Two years ago, the inspirational Super Bowl story was Mark Herzlich of the Giants. He didn’t suit up, but he won a ring. He had just beaten cancer.
Herzlich is a free agent now, started two games this season and in a NJ.com “keep ‘em or dump ‘em” poll this week, rated a 55.6% dump.
Jim Plunkett is 66 now, works in the media and appears to be healthy. Last year, in a forum on concussions, he counted his blessings.
“I have so many friends or people I’ve played against just going through a hell of a time at this stage of their lives. I know something’s got to be done. Exactly what it is, I’m not sure.”
How many of them were sold the dream on inspirational stories like Jim’s? At least X-Factor, once done with its young dreamers, mainly just breaks their hearts.
One for the barrack-room lawyers
One of the motions to be discussed at the GAA’s annual Congress this month would make racism a red card offence. A laudable, if belated, proposal, on the face of it. But is there a danger the people behind it might be underestimating who they are dealing with? Are they setting themselves up for the first Suarez-style ‘cultural differences’ saga? Because you know there are plenty in the GAA who would have got Suarez off.
The brief the Liverpool striker had at his side when he faced the FA might have had an OBE, but he could never hope to match the intrepid exploiters of loopholes and semantics at the disposal of most GAA clubs. You may think shame alone would deter these resourceful characters from picking apart an open-and-shut racism case. But if it made sure their best man lined out in the county semi-final? We have seen shame shouted down before.
Surely, the simpler solution would be to rectify the current laws that make some people on a GAA pitch more equal than others.
Any threatening or abusive language or conduct towards an official currently, according to rule, earns a red card.
The same tirade or gesture towards an opponent or teammate is worthy only of a black card, recently upgraded from yellow. Throw in another upgrade to red; give the current sledging bubble a soft landing, and spare us the inevitable DRA hearing exploring what constitutes racist language.
Dark forces fire timely reminder
So, the dark forces that Richard Keys has often told us about are still out there. Watching and waiting. And they have acted decisively when Andy Gray looked set to rehabilitate himself on British TV screens.
Andy mightn’t exactly have smashed it on FA Cup duty for BT Sport at Stevenage-Everton, but his familiar brand of Bob The Builder-style, self-inquisitory co-commentary — “Can he reach that? Yes, he can” — provided some relief to subscribers who have endured six months of Michael Owen.

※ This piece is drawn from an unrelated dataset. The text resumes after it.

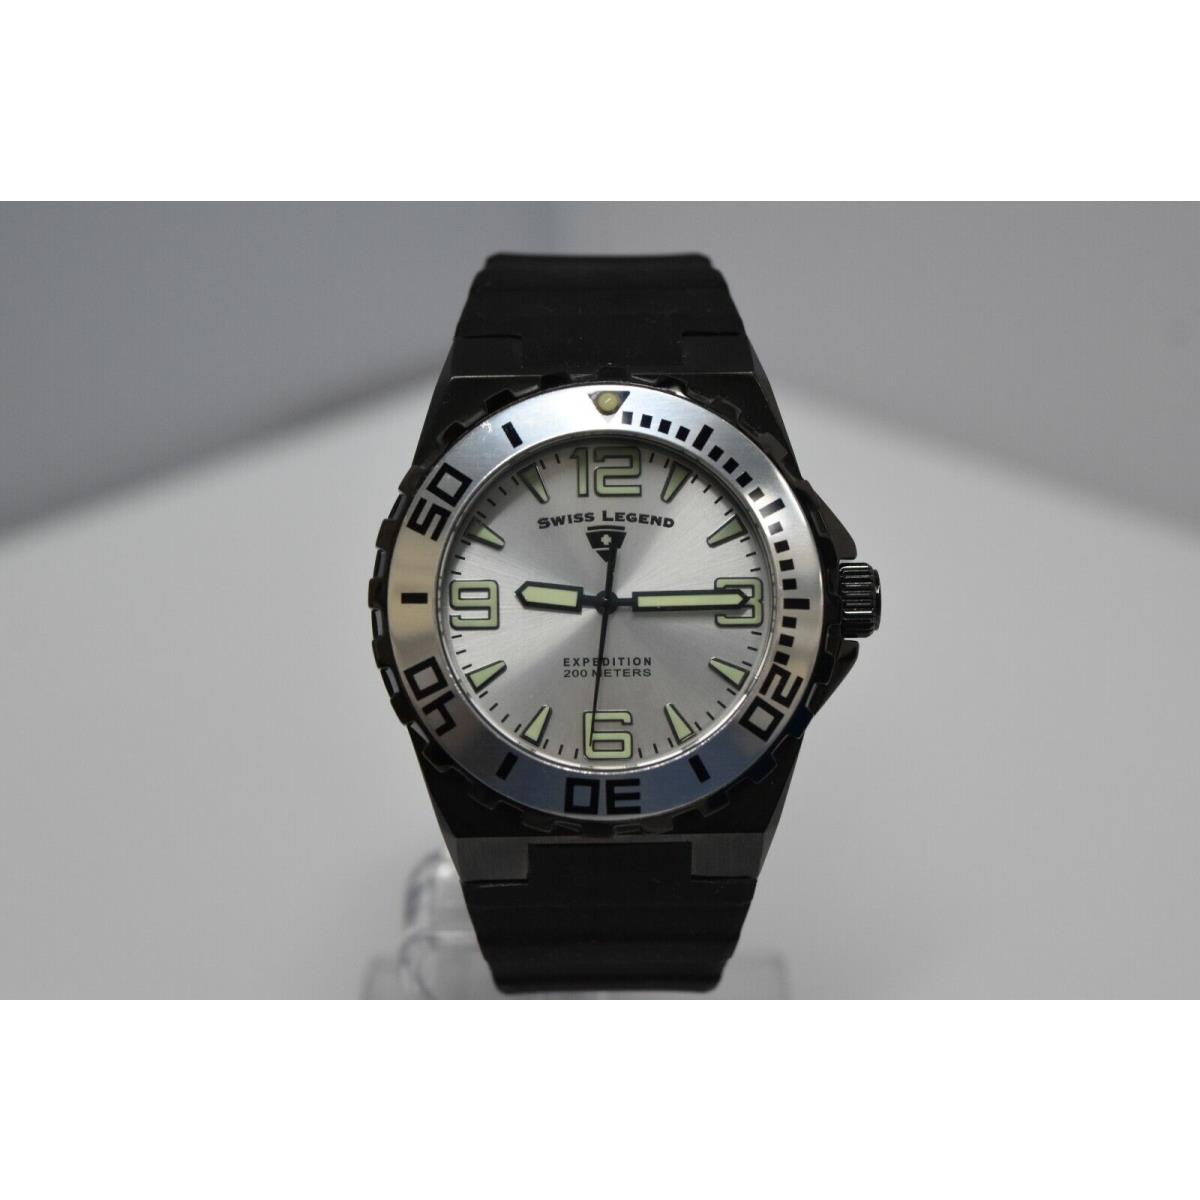 Swiss Legend Expedition Sapphitek 48mm 200M SL-10008 Watch

Six months, during which it has become clear — surely even to BT — that the one thing that might loosen football’s hold on the hearts and minds is Michael Owen explaining football.
So Andy must have been close — maybe one more emotional interview regretting his sexist past — to having it all back.
But sure enough, another old clip appeared, with Andy and Keysy inviting Sky’s Claire Tomlinson to get her “tits out for the lads”, and Andy throwing in a bonus request to give her “fronties a tweak for the lads”.
It was cynical timing, alright, by the dark forces. But maybe they were reminding hearts and minds that we don’t know the half of it with these fellas.
HEROES & VILLAINS
STAIRWAY TO HEAVEN
Sam Allardyce (above): “Out-tacticed” is an early contender for word of 2014 from the 19th century strategist.
Wayne Rooney: Enjoys a 100% record as United boss since he took over from David Moyes.
HELL IN A HANDCART
South Carolina high-school student: Admitted this week to pouring bleach into the opposing team’s Gatorade cooler at a basketball game. That’s just not cool, kid.
Jim White: I’ve written this before he’s even started the Deadline Day countdown but he disturbed you last night, didn’t he?